Tuttavia la visione della campagna devastata dalla guerra e l'esilio all'estero di tanti amici lucchesi riformati, a causa della repressione messa in atto da Papa Paolo IV (1555-1559), lo convinse ad emigrare a Milano nel 1556 per coprire la cattedra di studi umanitari. Nonostante che, anche qui a Milano, P. fosse inquisito per eresia nel febbraio 1560 (fu comunque assolto), nella città lombarda egli conobbe letterati, come il poeta Publio Francesco Spinola e finì la sua opera principale, intrisa di polemica antipapale e anticlericale, l'Actio in Pontifices Romanos, inviandola in Svizzera, presso il riformatore di Basilea Theodore Zwinger (1533-1588), per essere conservata. L'opera venne pubblicata, postuma, nel 1600 ad Heidelberg, in Germania.

Nel 1567 P. entrò nuovamente nel mirino dell'Inquisizione di Milano per le sue opere letterarie (soprattutto Pro se ipso): sebbene riuscisse a far sospendere, per motivi di salute, un ordine d'estradizione verso Roma, emesso il 9 agosto, e tentasse di chiedere una mediazione, fallita, da parte dell'imperatore Massimiliano II (1564-1578), fu infine costretto a recarsi a Roma nell'agosto 1568 per presentarsi davanti all'Inquisizione romana, in una città cupa, dominata dal rigore fanatico imposto da Papa Pio V (1566-1572).

La fine

Rinchiuso (letteralmente a marcire) nel carcere di Tor di Nona per ben due anni, si comportò coraggiosamente: non abiurò, si rifiutò di indossare l'infamante abitello (l'abito giallo degli eretici), anzi accusò, lui stesso, il papato e Pio V in persona, che presiedeva il tribunale. Il processo, ovviamente, si concluse, il 4 ottobre 1569, con la sua condanna come eretico impenitente.

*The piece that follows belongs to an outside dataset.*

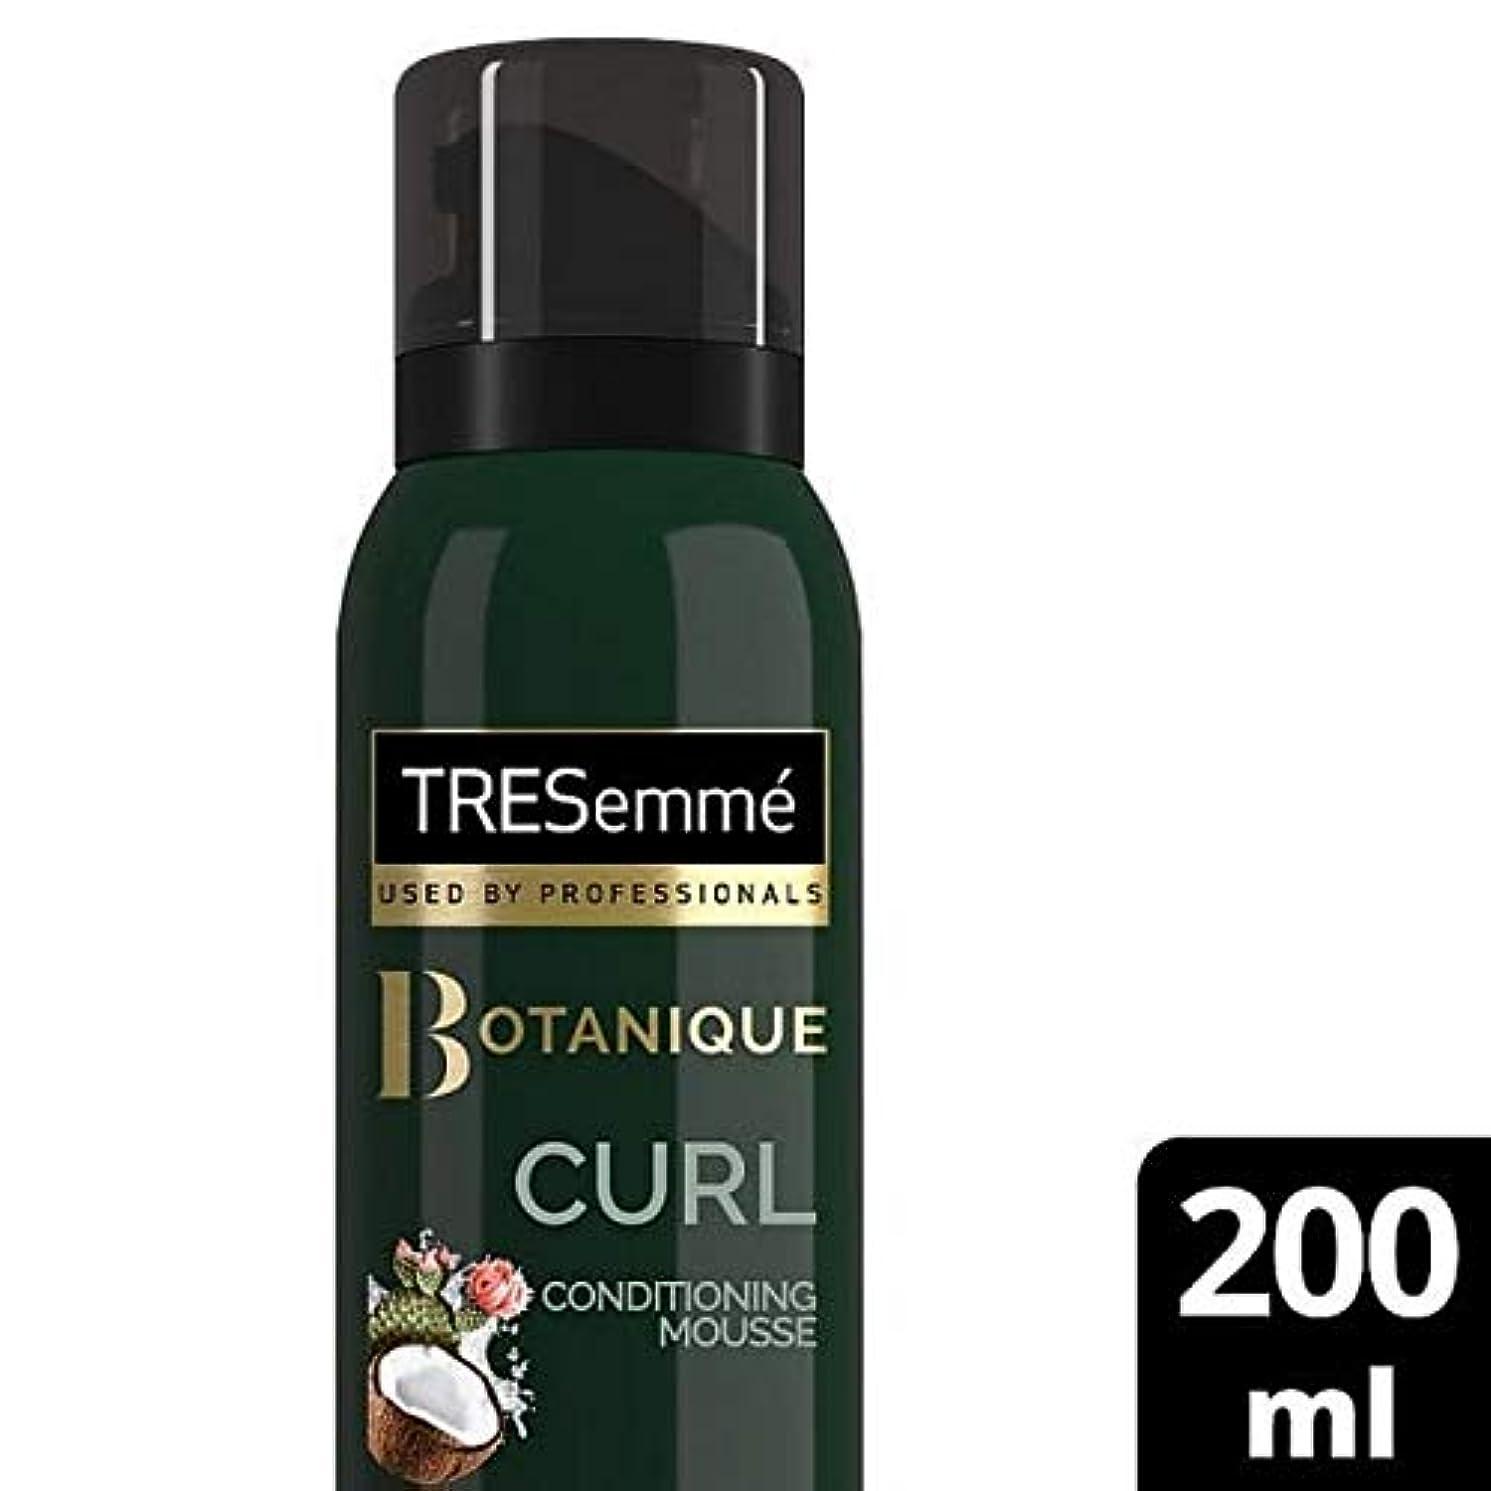 休暇終わりおとなしい[Tresemme] Tresemmeカールコンディショニングムース20ミリリットル - TRESemme Curl Conditioning Mousse 20ml [並行輸入品]

Il 30 giugno 1570 fu fatto l'ultimo tentativo, non riuscito, di farlo abiurare: tre giorni dopo, il 3 luglio 1570, l'anziano umanista fu impiccato e arso sul rogo nella piazzetta a Ponte Sant'Angelo, nello stesso posto dove, tre anni prima, il 21 settembre 1567, era stato bruciato Pietro Carnesecchi.

Curiosità

A P. sono stati attribuiti i seguenti versi satirici (e purtroppo per lui profetici), indice dei momenti di terrore, derivati dalla severa azione anti-eretica di Pio V:

Quasi che fosse inverno,

brucia cristiani Pio siccome legna

per avvezzarsi al fuoco dell'inferno.